TAFALBARI, Bangladesh - International donors pledged hundreds of millions of dollars Wednesday to rebuild Bangladesh's cyclone-ravaged coast, but help wasn't coming fast enough for thousands of homeless survivors who fought over meager rice handouts.

The government said it had promises of $390 million in international aid, much of it a $250 million pledge from the World Bank. Relief officials were struggling to get desperately needed rice, drinking water and tents to people in remote villages.

In Tafalbari, a dusty collection of crushed tin huts and flooded fields, fistfights erupted in a crowd of villagers who had spent fruitless hours waiting for food outside a relief center.

Several thousand people surrounded the small aid station set up by a local humanitarian group. Workers had to shut the gates against the tide, admitting just a few people at a time.

"I didn't have enough food before the storm hit. We have hardly eaten at all since the storm," said one frustrated villager, Juddistir Chandar Das, 45, who lost the home he shared with his wife and three children.

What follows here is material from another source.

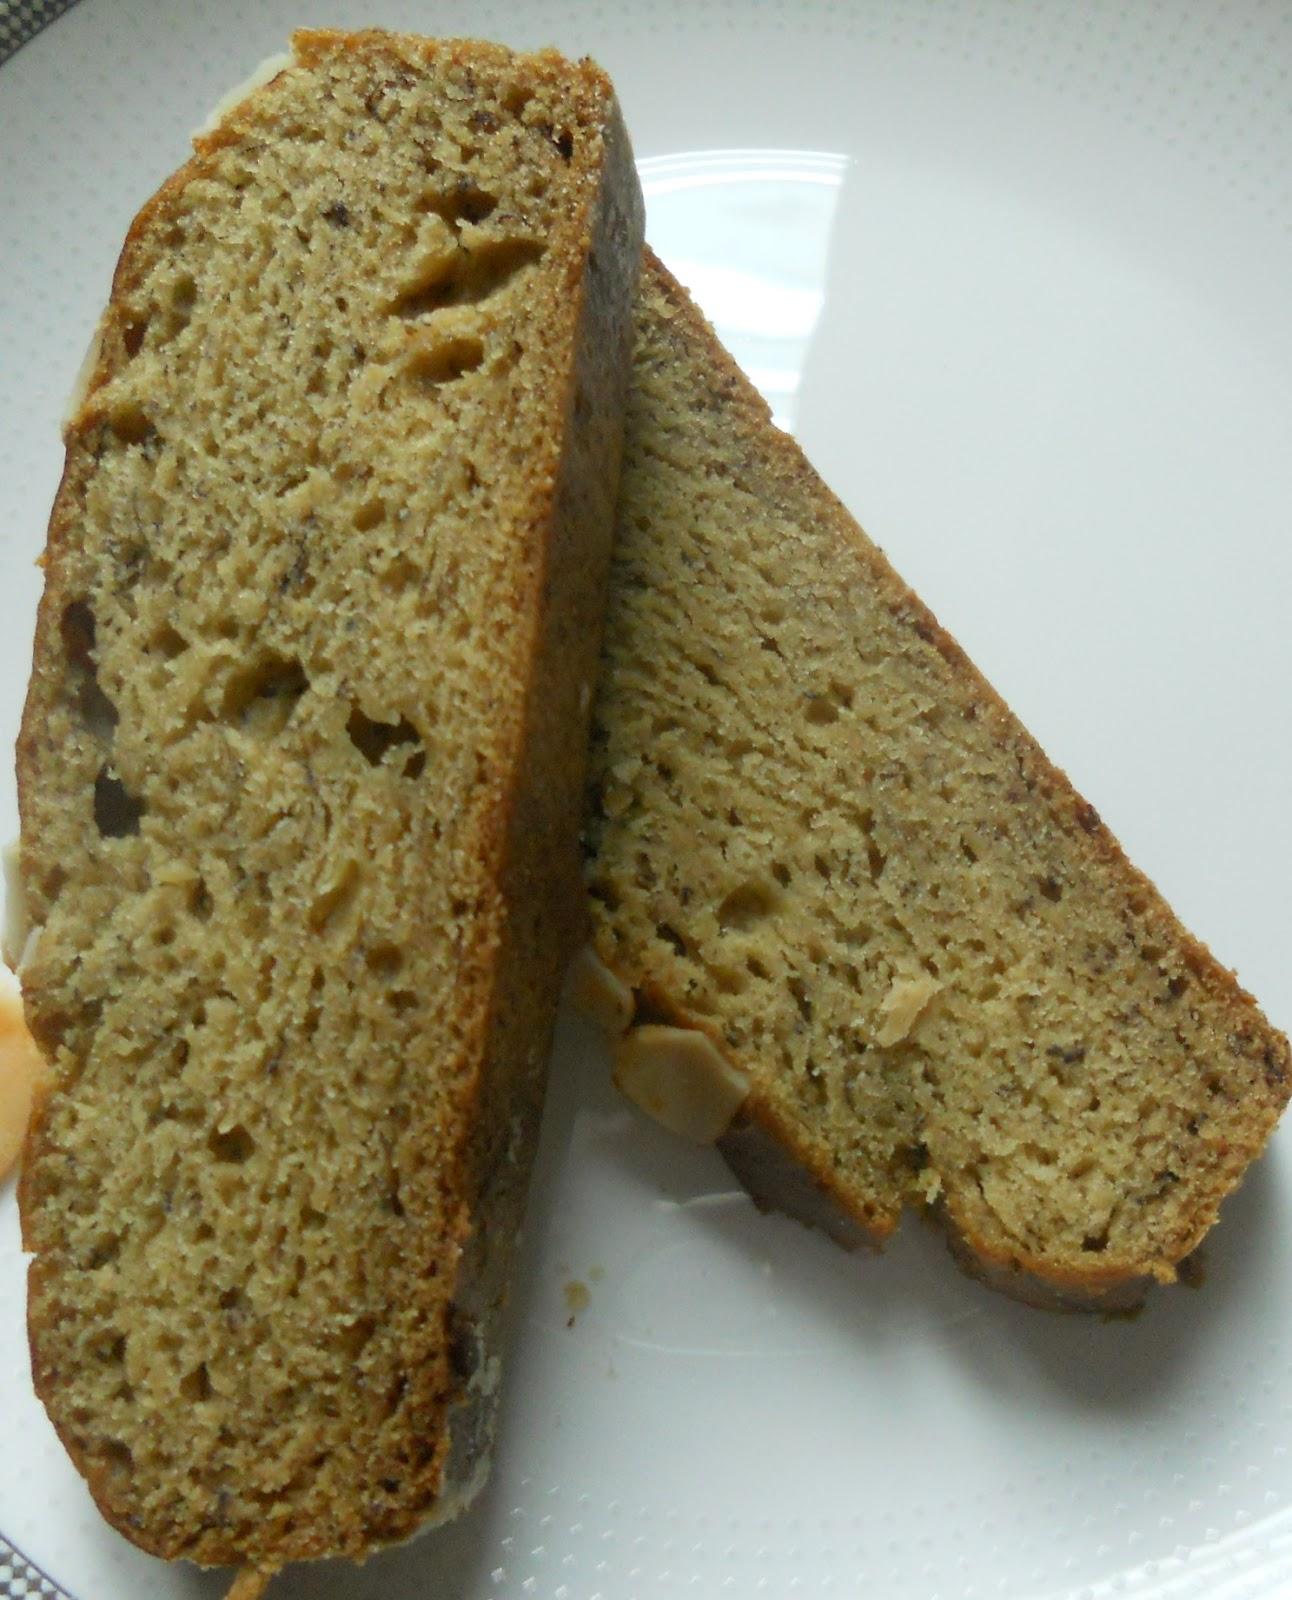 The Whole Food Diary Bananna Bread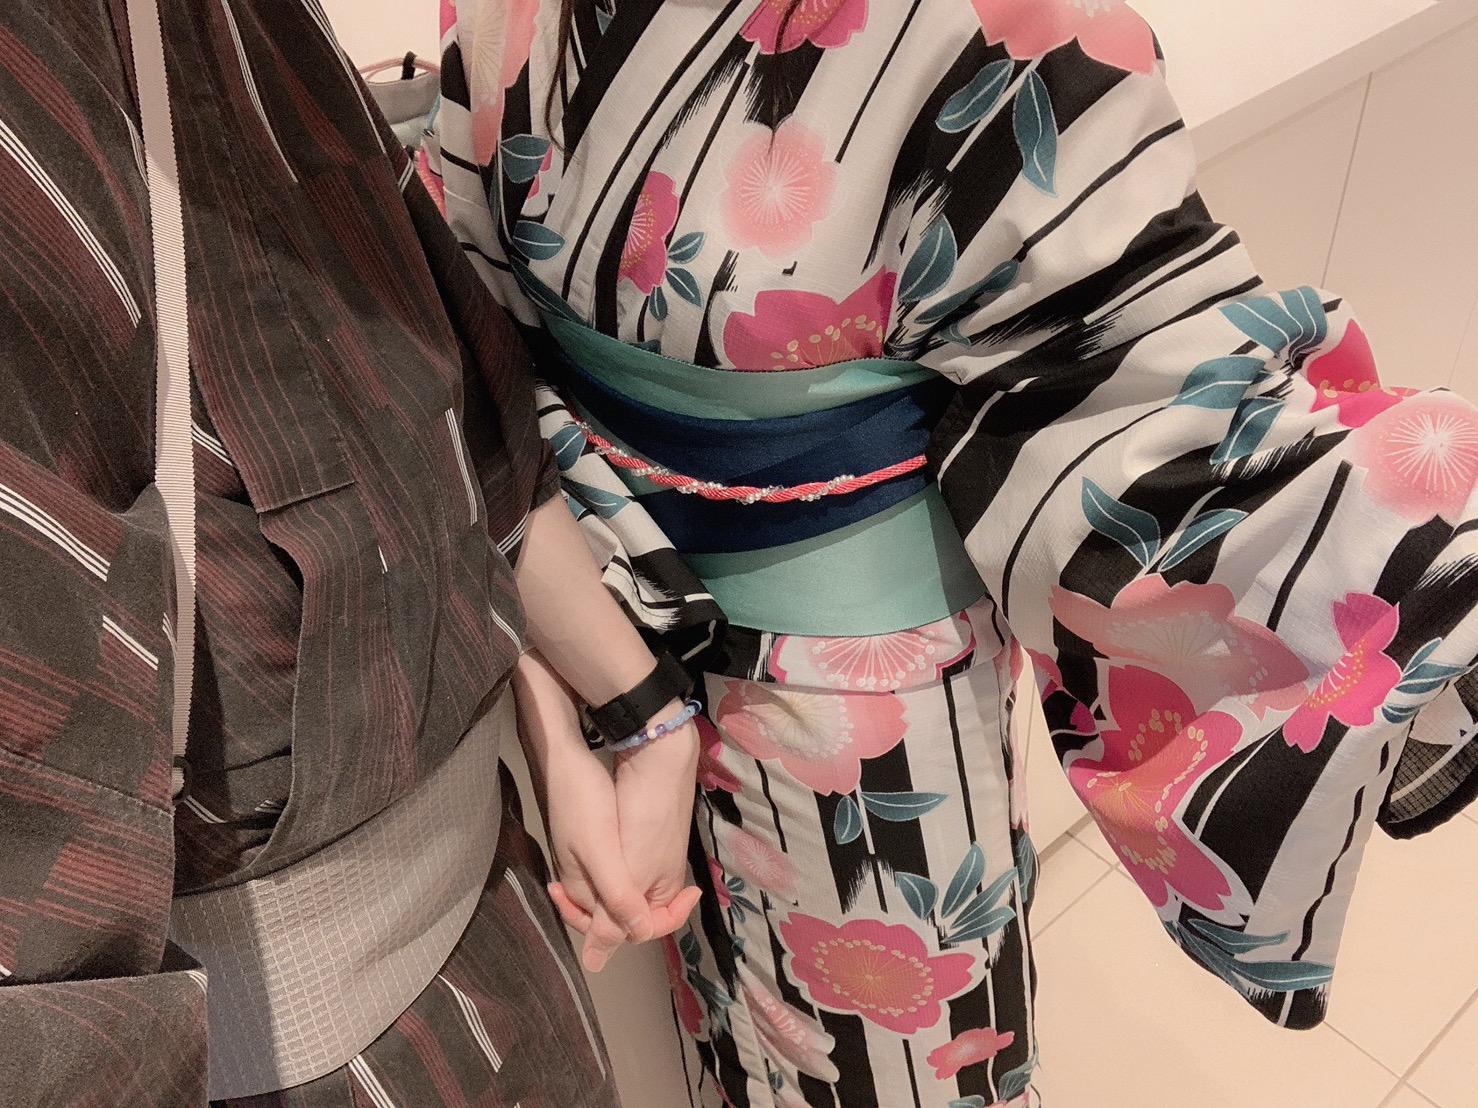 修学旅行以来の京都へ♪2019年8月22日3

In the nearby village of Purba Saralia, relief officials used clubs to fend off a crush of hungry people pleading for rice.

"I've been waiting since dawn. I have nothing to eat and my children are hungry," said Kabir Howlader, 25, one of thousands who gathered at a fire station that had been converted into a relief center.

Officials at the center said the government had provided only enough rice to feed 1,200 registered residents, but there were far more than that outside the gates.

Abdul Bashar, 62, was not on the government list and would likely not get any rice. "I have nothing to eat; I will have to beg to Allah," he said.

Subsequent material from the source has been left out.